このやりとりは、お母さんの台所仕事が終わったら抱っこしますからね、という「約束」が交わされた状態ですね。ところがその3兄弟はいつも、いくら待っても約束を果たしてもらえなかった。歳を重ねてから男の子3人を育てるおばあちゃんの大変さもわかります。「待って」で、その場をしのいでいたのでしょう。

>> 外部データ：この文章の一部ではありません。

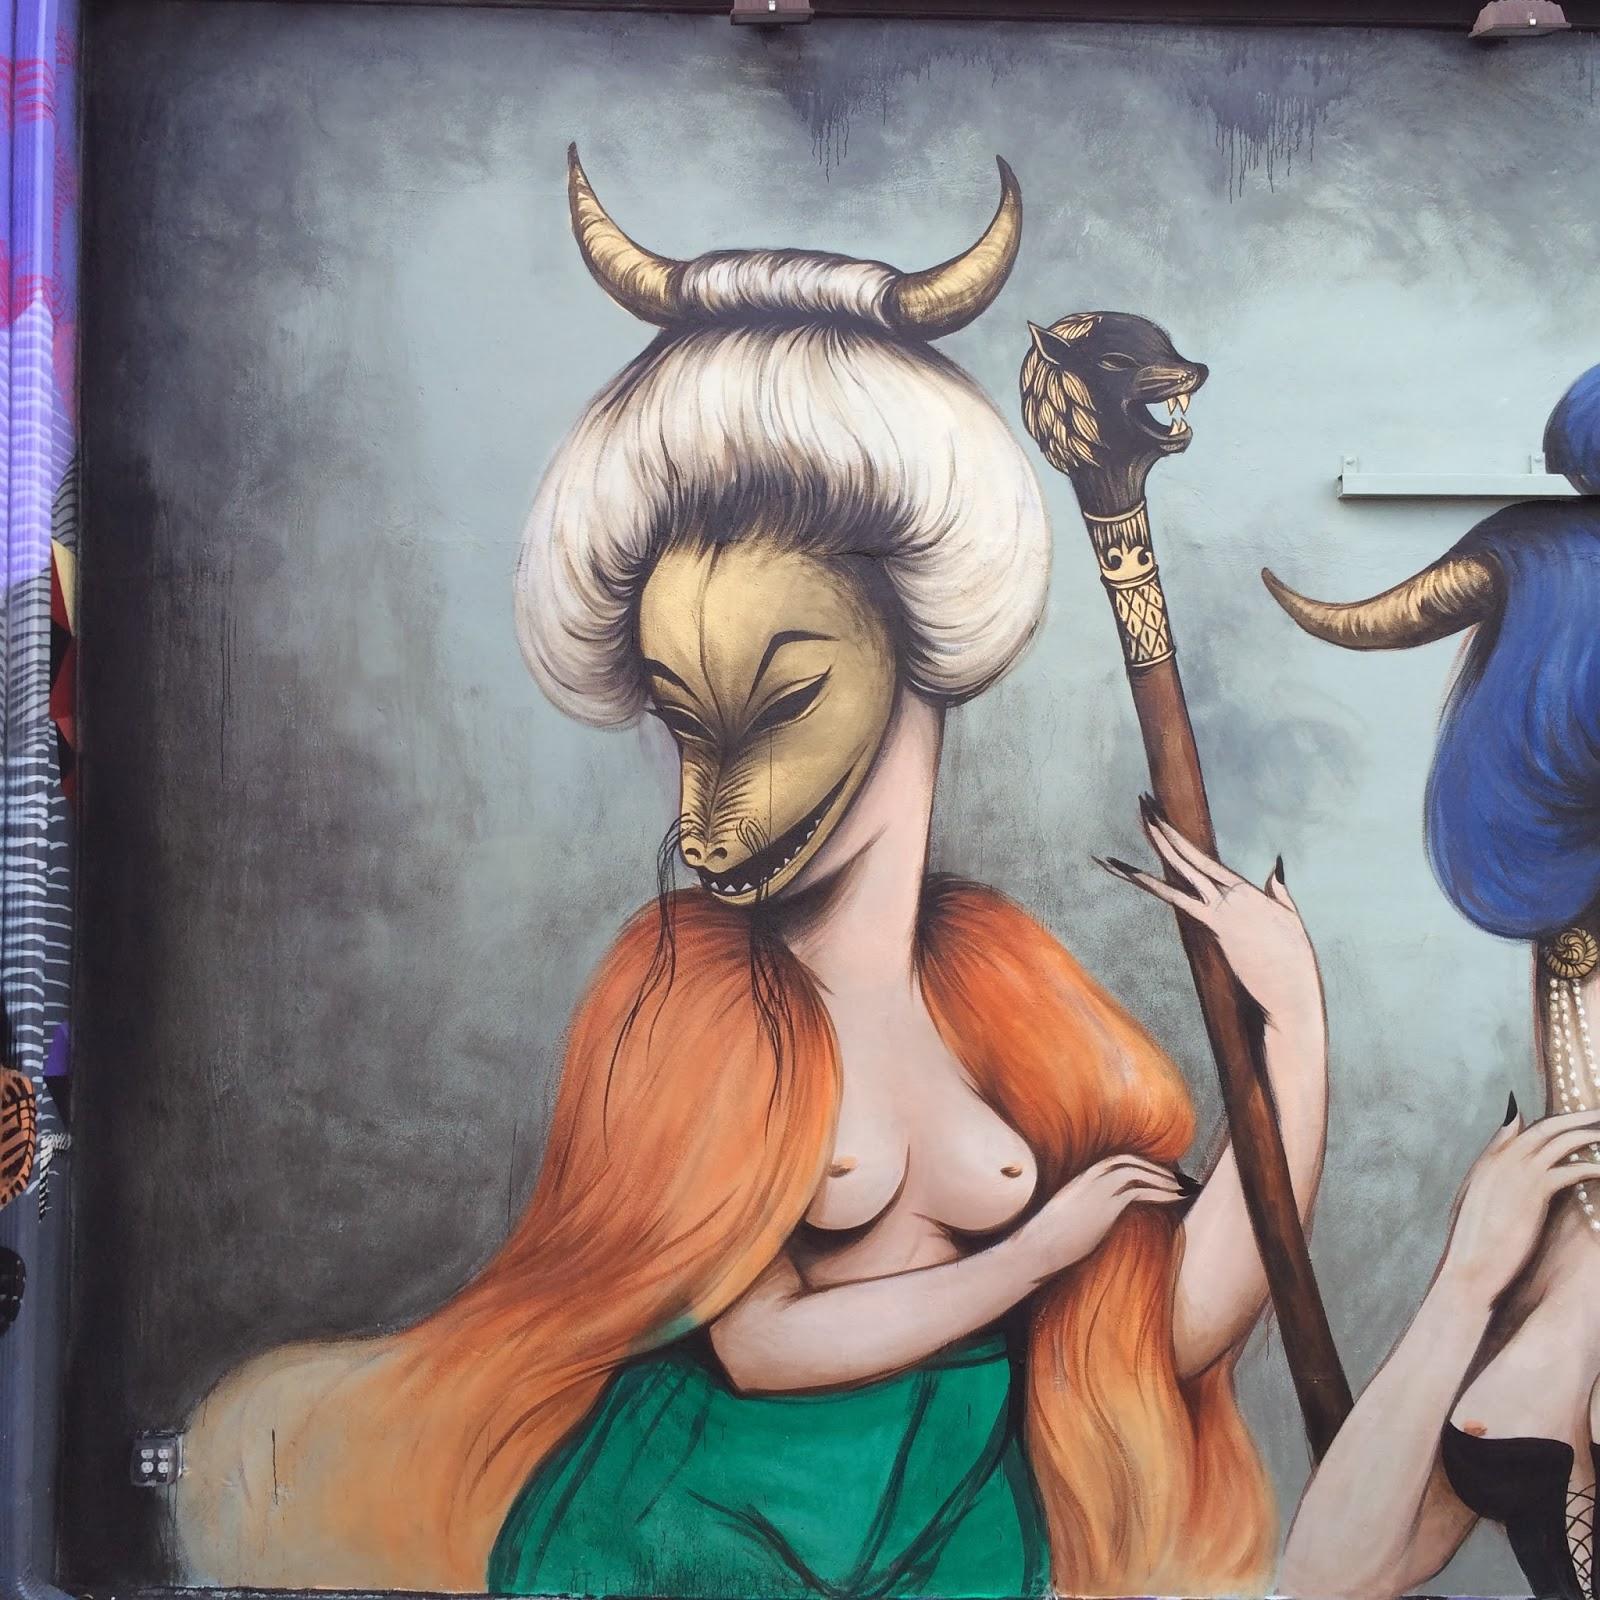 miss-van-new-mural-at-art-basel-2013-04

 でも結果的に、子どもたちにとって「待ってね」は、もはや「無理」「あきらめなさい」の意味になっちゃった。もっと言えば、期待を裏切られた記憶になっていたのね。

アドラーの教え
「大人と子どもは対等な関係」

 アドラーは、大人と子どもは対等な関係だと言いました。大人同士だったら、約束を守るでしょう?それなら、子どもに対しても守らなきゃ。相手が子どもなら約束を反故にしても許される、なんてことはないのです。その後、誤解が解けると、3兄弟はよく育ちましたよ。

 できることは、できるだけ叶えてあげる。
 でも、子どもの奴隷になる必要はない。
 できないことは、理由をしっかり話す。
 そして、約束したなら絶対に守り切る。

 そうすることで、親は子どもの信頼を得ていくのです。